Problem to solve:
Keep the images out and set the listing below down word for word.

Collected data:
━━━
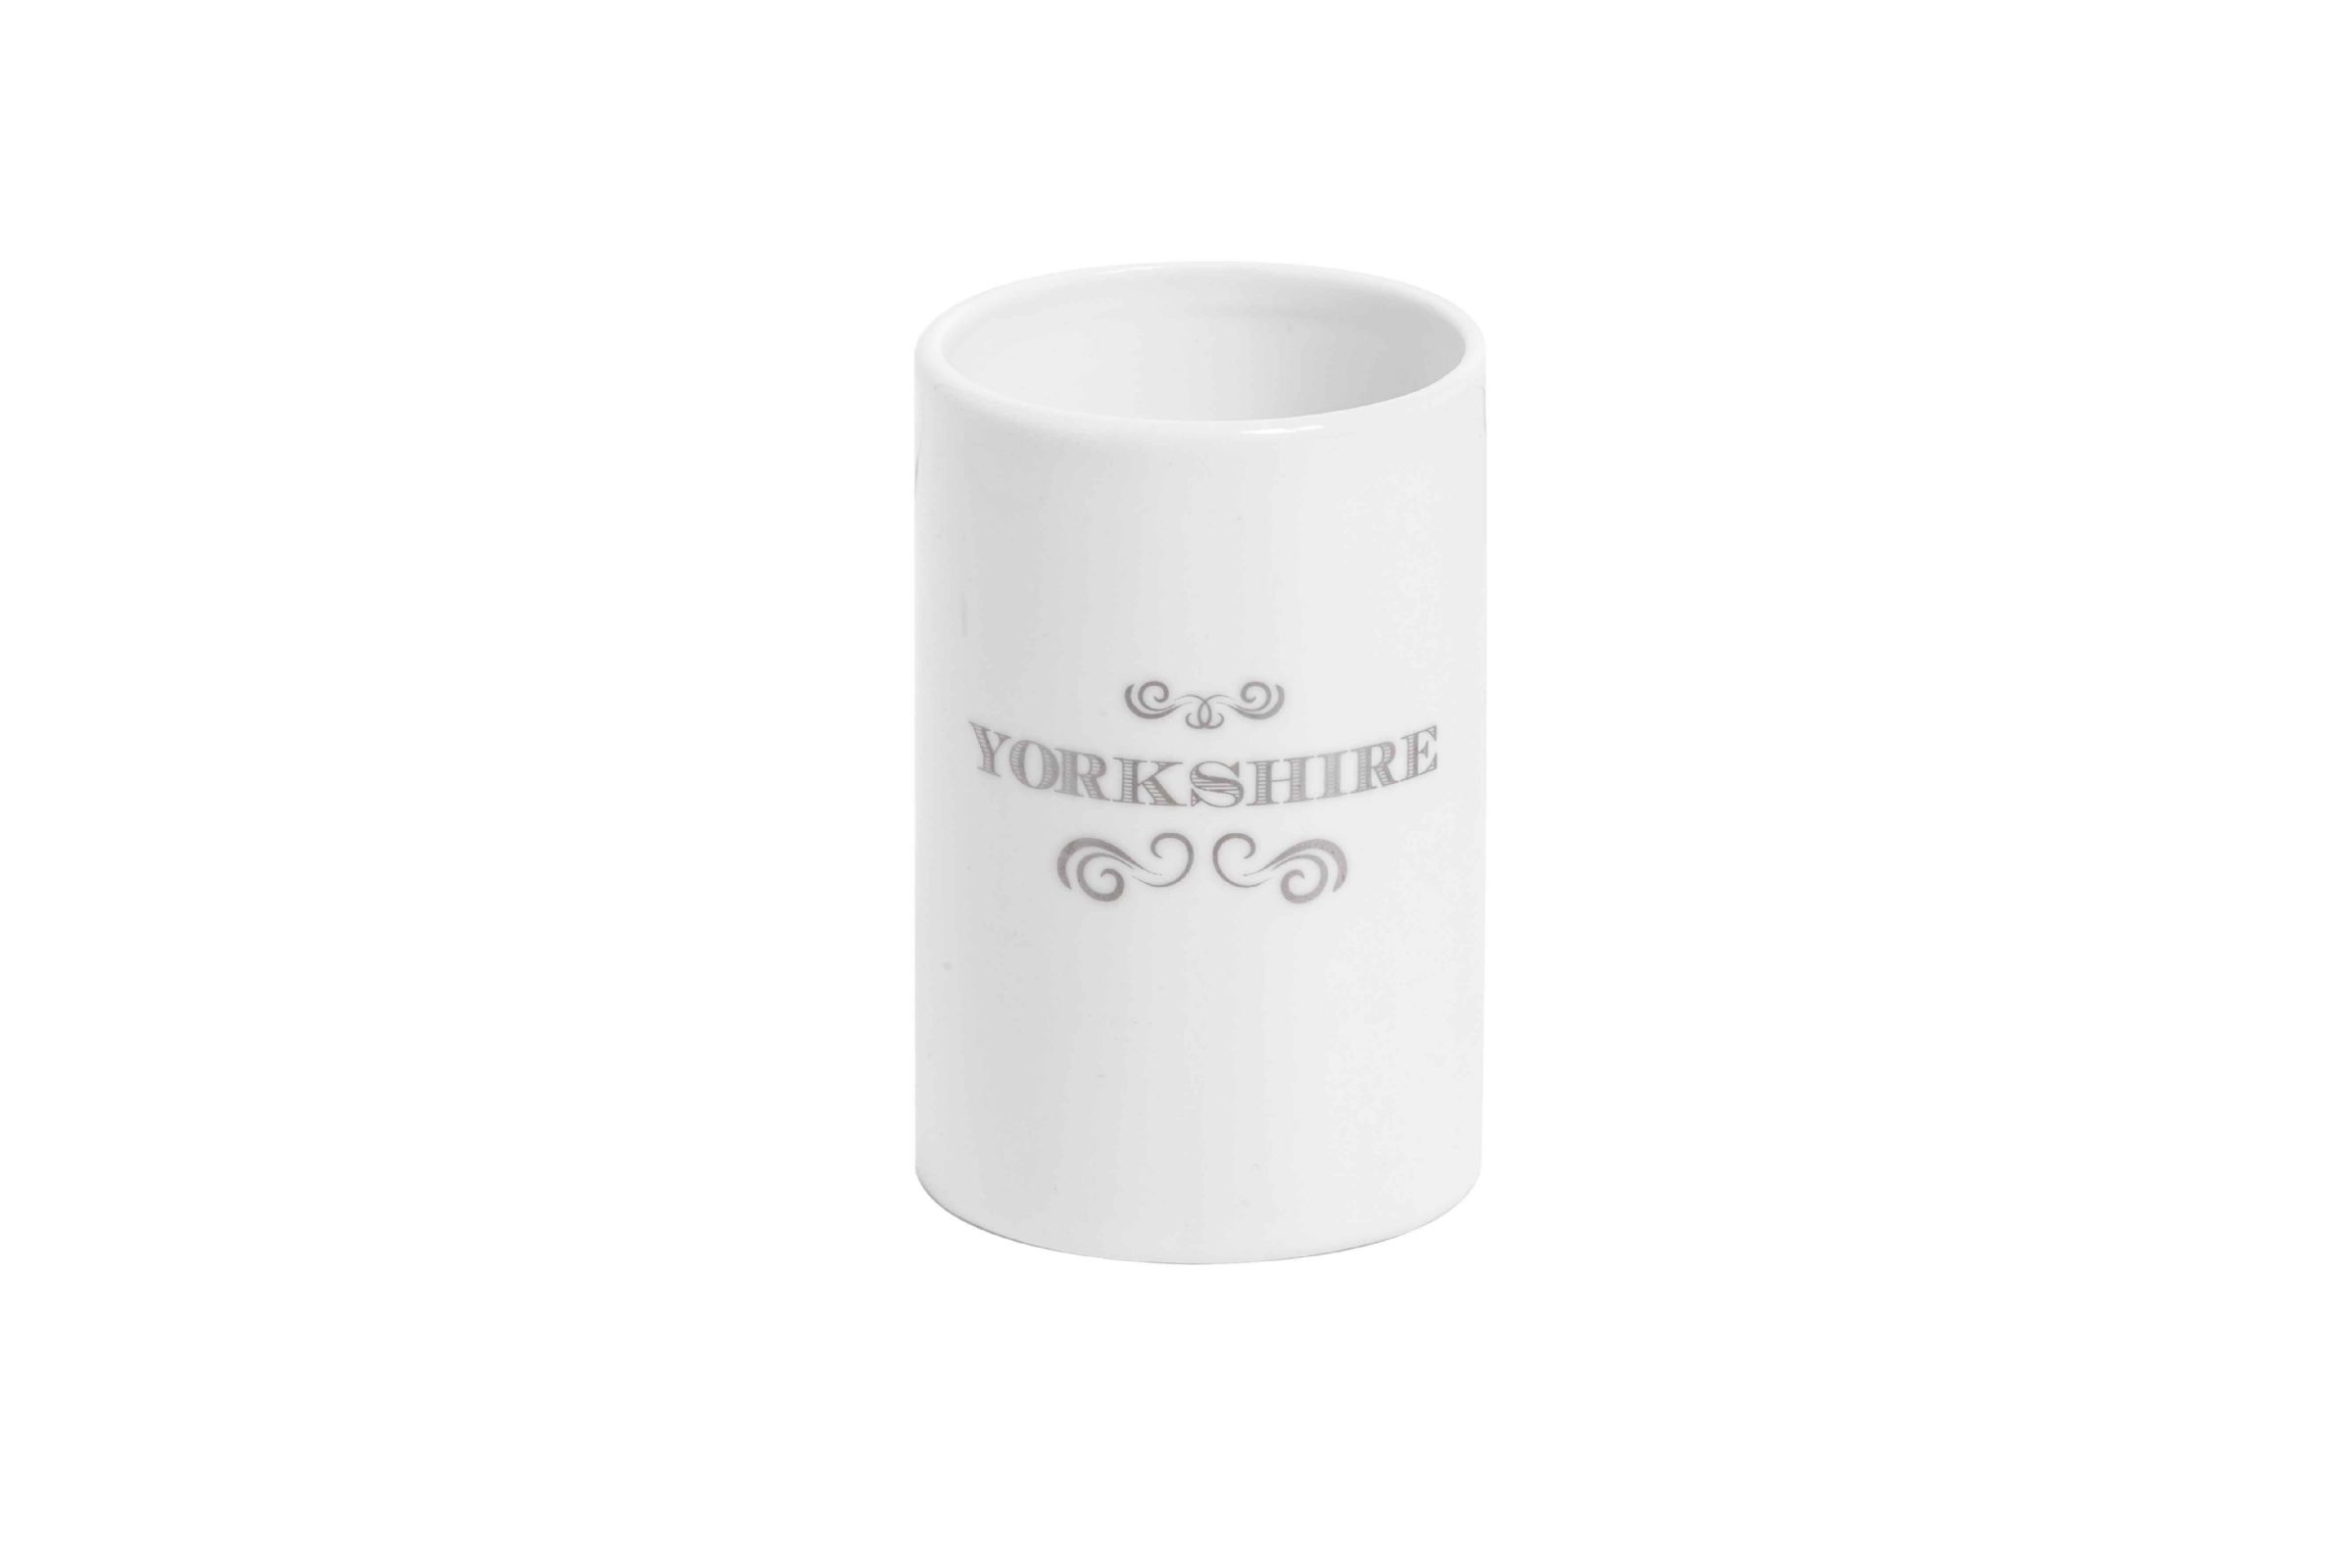 Set accessori bagno Yorkshire - Porta spazzolini Yorkshire
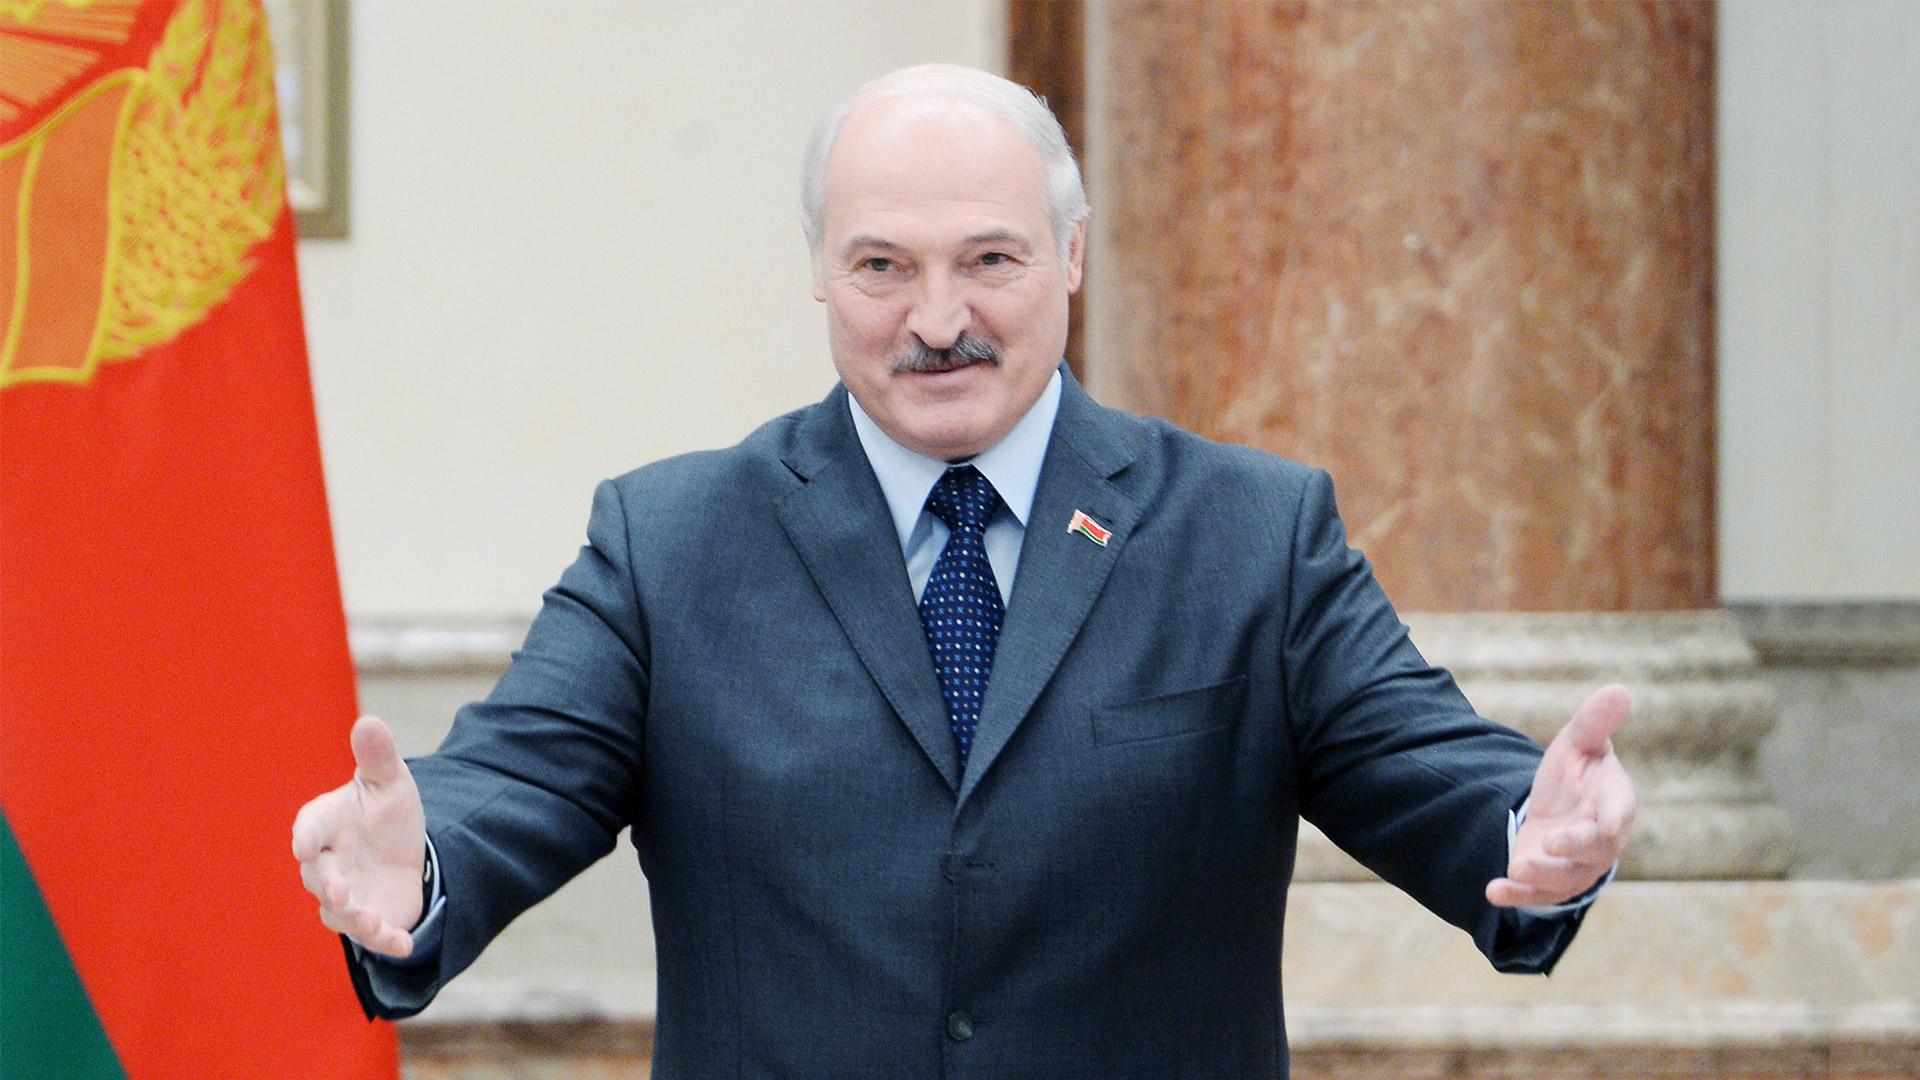 "Всех вылечит", - Лукашенко назвал универсальный метод борьбы с коронавирусом
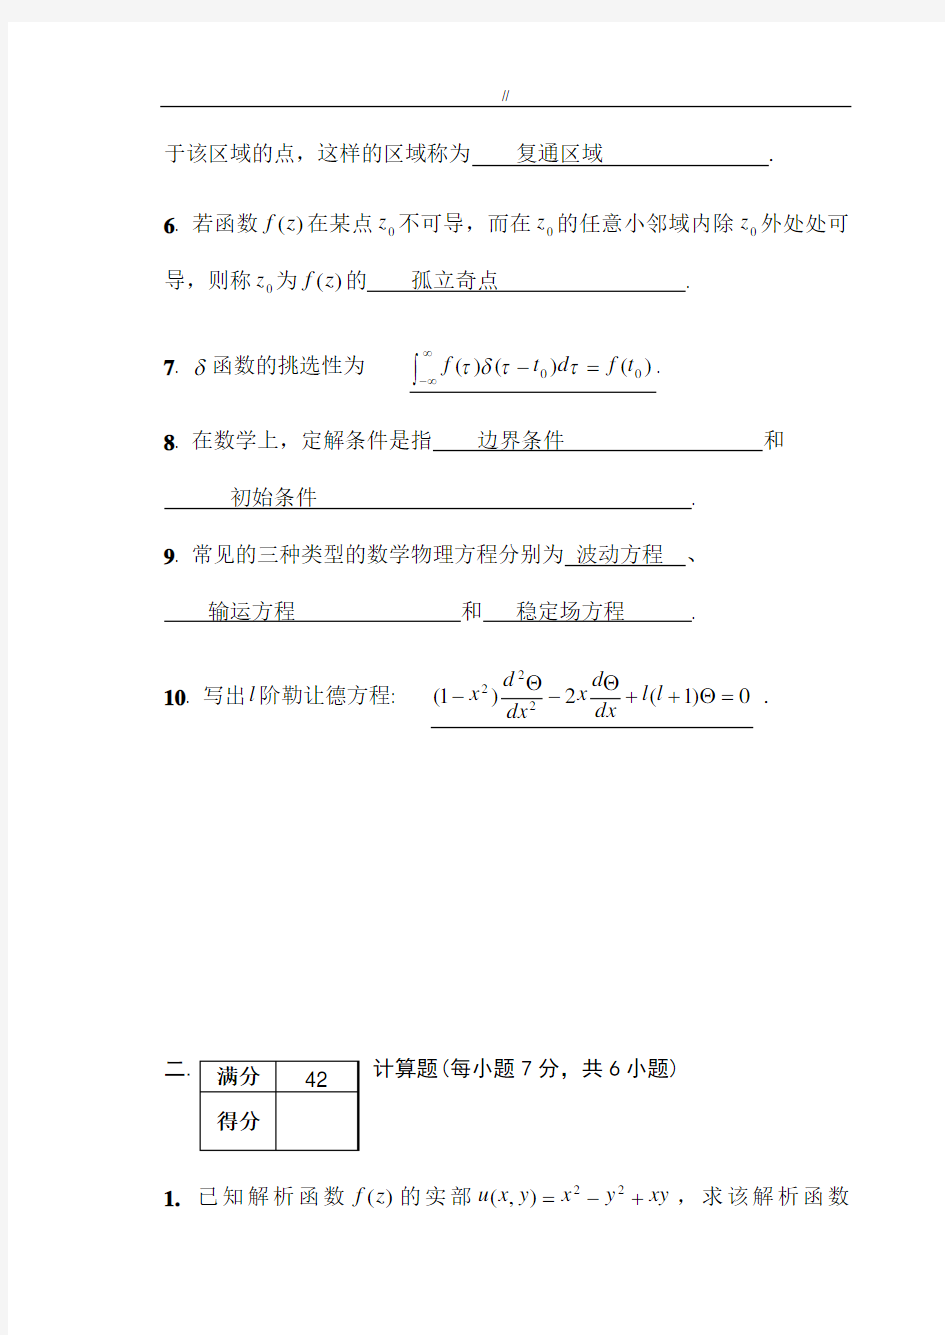 数学物理方法期末考试规范标准答案
━━━
Output of the task:
 Set accessori bagno Yorkshire - Porta spazzolini Yorkshire
 "Всех вылечит", - Лукашенко назвал универсальный метод борьбы с коронавирусом
 数学物理方法期末考试规范标准答案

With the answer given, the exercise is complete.